REQUIREMENT: Set down, please, exactly the lines below that run from the line with "L'Aéroport International de" to the line with "Декоративно-лиственная бегония уход", both lines included.

[RECORDS]

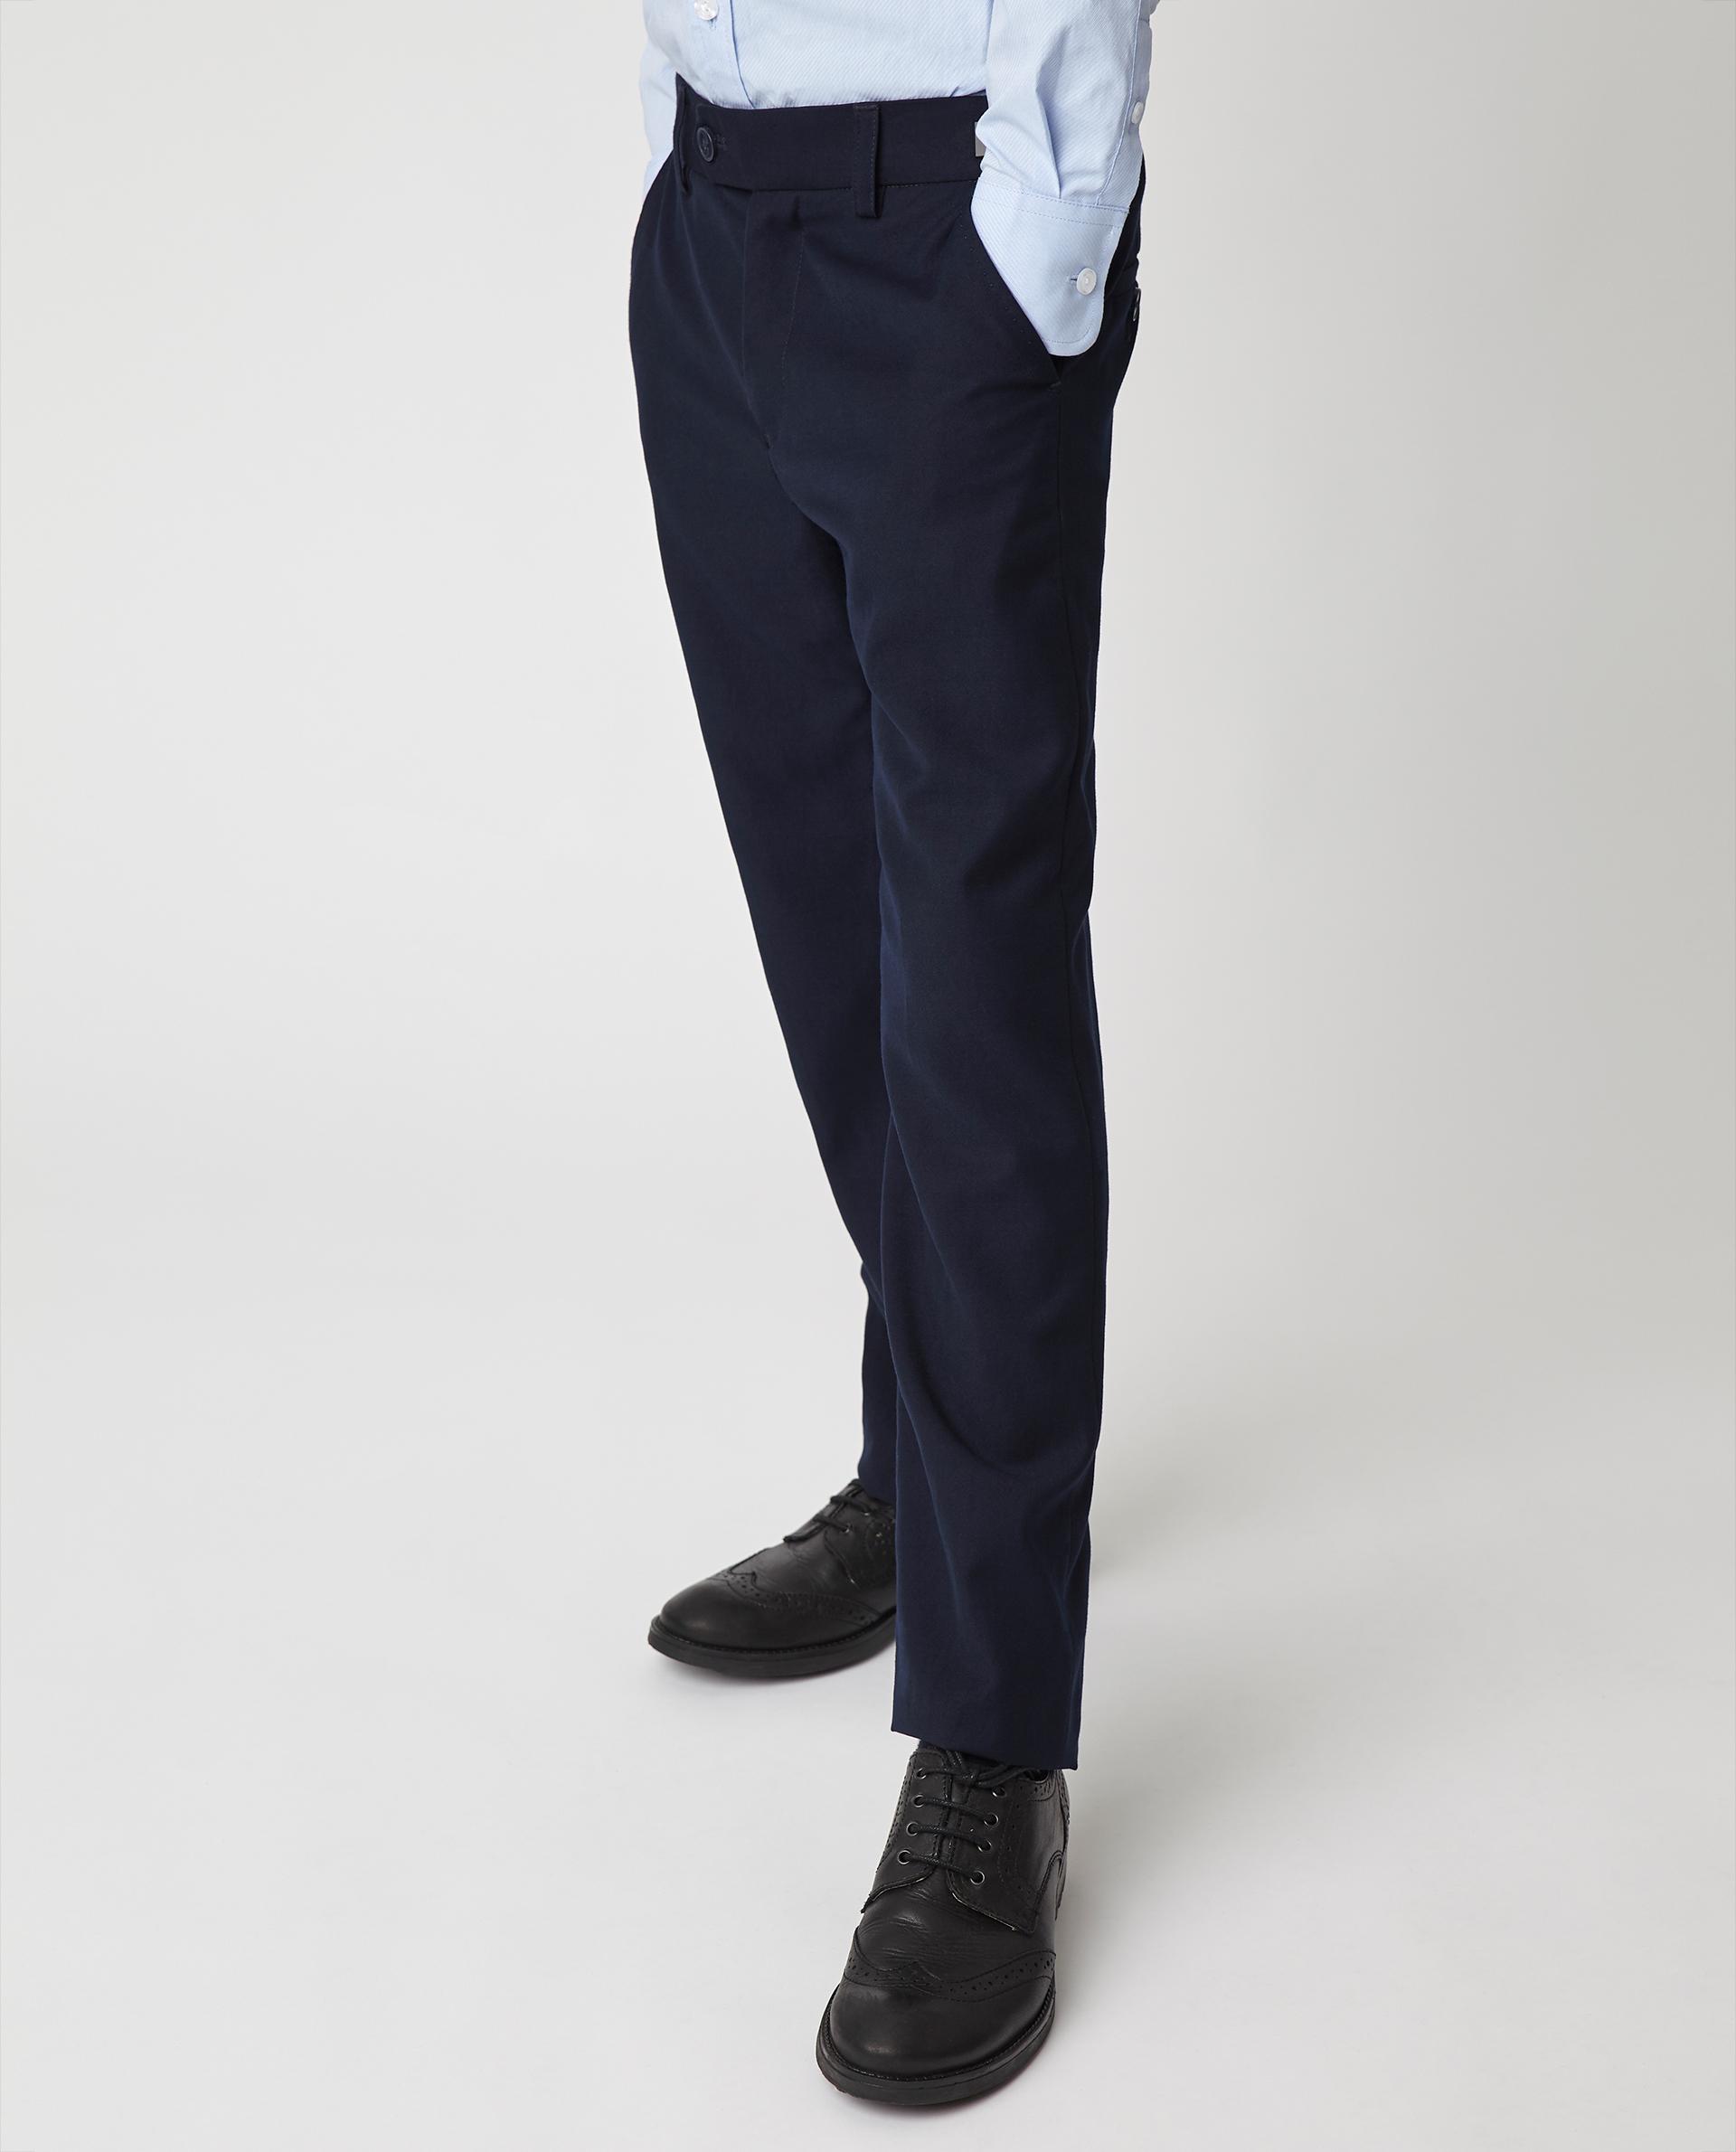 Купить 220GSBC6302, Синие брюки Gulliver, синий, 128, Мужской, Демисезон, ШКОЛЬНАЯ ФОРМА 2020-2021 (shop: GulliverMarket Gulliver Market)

[/RECORDS]
[RECORDS]

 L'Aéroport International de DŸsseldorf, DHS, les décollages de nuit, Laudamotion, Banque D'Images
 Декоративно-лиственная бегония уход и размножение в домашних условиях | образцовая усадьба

[/RECORDS]

TASK ANSWER:
 L'Aéroport International de DŸsseldorf, DHS, les décollages de nuit, Laudamotion, Banque D'Images
 Декоративно-лиственная бегония уход и размножение в домашних условиях | образцовая усадьба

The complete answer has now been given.